I have the below piece of code in R/Dplyr, which finds the lead value at t+5 for column VALUE. If that is not available, the latest value between t+1 and t+5 is used:
data <- data %>%
group_by(id) %>%
mutate(
lead_value = coalesce(lead(VALUE, n = 5),
lead(VALUE, n = 4),
lead(VALUE, n = 3),
lead(VALUE, n = 2),
lead(VALUE, n = 1))
)
Is there a way to generalize this so I could call it as a function, passing the column name and the n into it?
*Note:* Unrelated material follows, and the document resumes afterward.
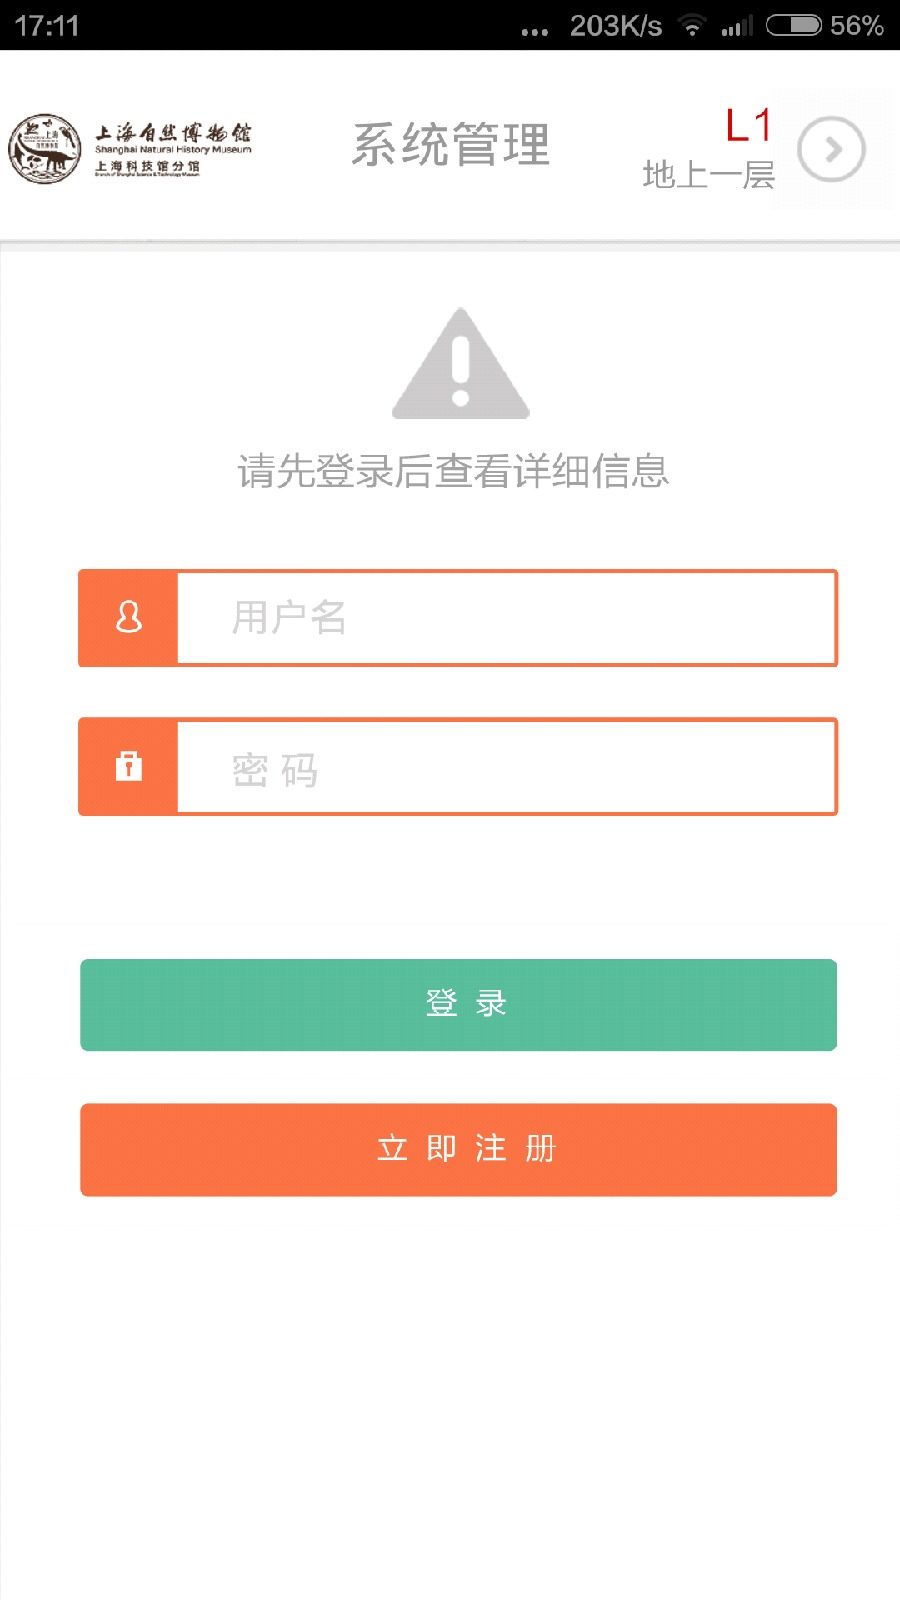 上海自然博物馆app iPhone版 v2.6 苹果越狱版1

Example data with desired output:
data <- data.frame(
yyyymm = c(202401, 202402, 202403, 202404, 202405, 202406, 202407, 202408, 202409, 202410, 202411, 202412,
202401, 202402, 202403, 202404, 202405, 202406, 202407),
id = c(1, 1, 1, 1, 1, 1, 1, 1, 1, 1, 1, 1, 2, 2, 2, 2, 2, 2, 2),
value = c(1,2,3,4,5,6,7,8,9,10,11,12,1,2,3,4,5,6,7),
lead = c(6,7,8,9,10,11,12,12,12,12,12,NA,6,7,7,7,7,7,NA)
)
Example data with two id:
data2 <- data.frame(
yyyymm = c(202401, 202402, 202403, 202404, 202405, 202406, 202407, 202408, 202409, 202410, 202411, 202412,
202401, 202402, 202403, 202404, 202405, 202406, 202407,202401, 202402, 202403, 202404, 202405, 202406, 202407, 202408, 202409, 202410, 202411, 202412),
id = c(1, 1, 1, 1, 1, 1, 1, 1, 1, 1, 1, 1, 2, 2, 2, 2, 2, 2, 2,3,3,3,3,3,3,3,3,3,3,3,3),
id2 = c(1, 1, 1, 1, 1, 1, 1, 1, 1, 1, 1, 1, 1, 1, 1, 1, 1, 1, 1,1,1,1,1,2,2,2,2,2,2,2,2),
value = c(1,2,3,4,5,6,7,8,9,10,11,12,1,2,3,4,5,6,7,1,2,3,4,5,6,7,8,9,10,11,12),
lead = c(6,7,8,9,10,11,12,12,12,12,12,NA,6,7,7,7,7,7,NA,4,4,4,NA,10,11,12,12,12,12,12,NA)
)
The problem is that dplyr::lead
does not accept a vector of integer in its n
argument, so you have to rely on other functions, like collapse::flag
, or data.table::shift
.
The other problem is that dplyr::coalesce
does not accept matrices or data.frames as input, contrary to data.table::fcoalesce
. However, fcoalesce
only accepts data.frames, not matrices, hence the use collapse::qDF
, which is a q
uick conversion to DF
.
And here you go, a quick and versatile solution!
library(collapse)
library(data.table)
data$lead_value <- fcoalesce(qDF(flag(data$VALUE, g = data$id, -(5:1))))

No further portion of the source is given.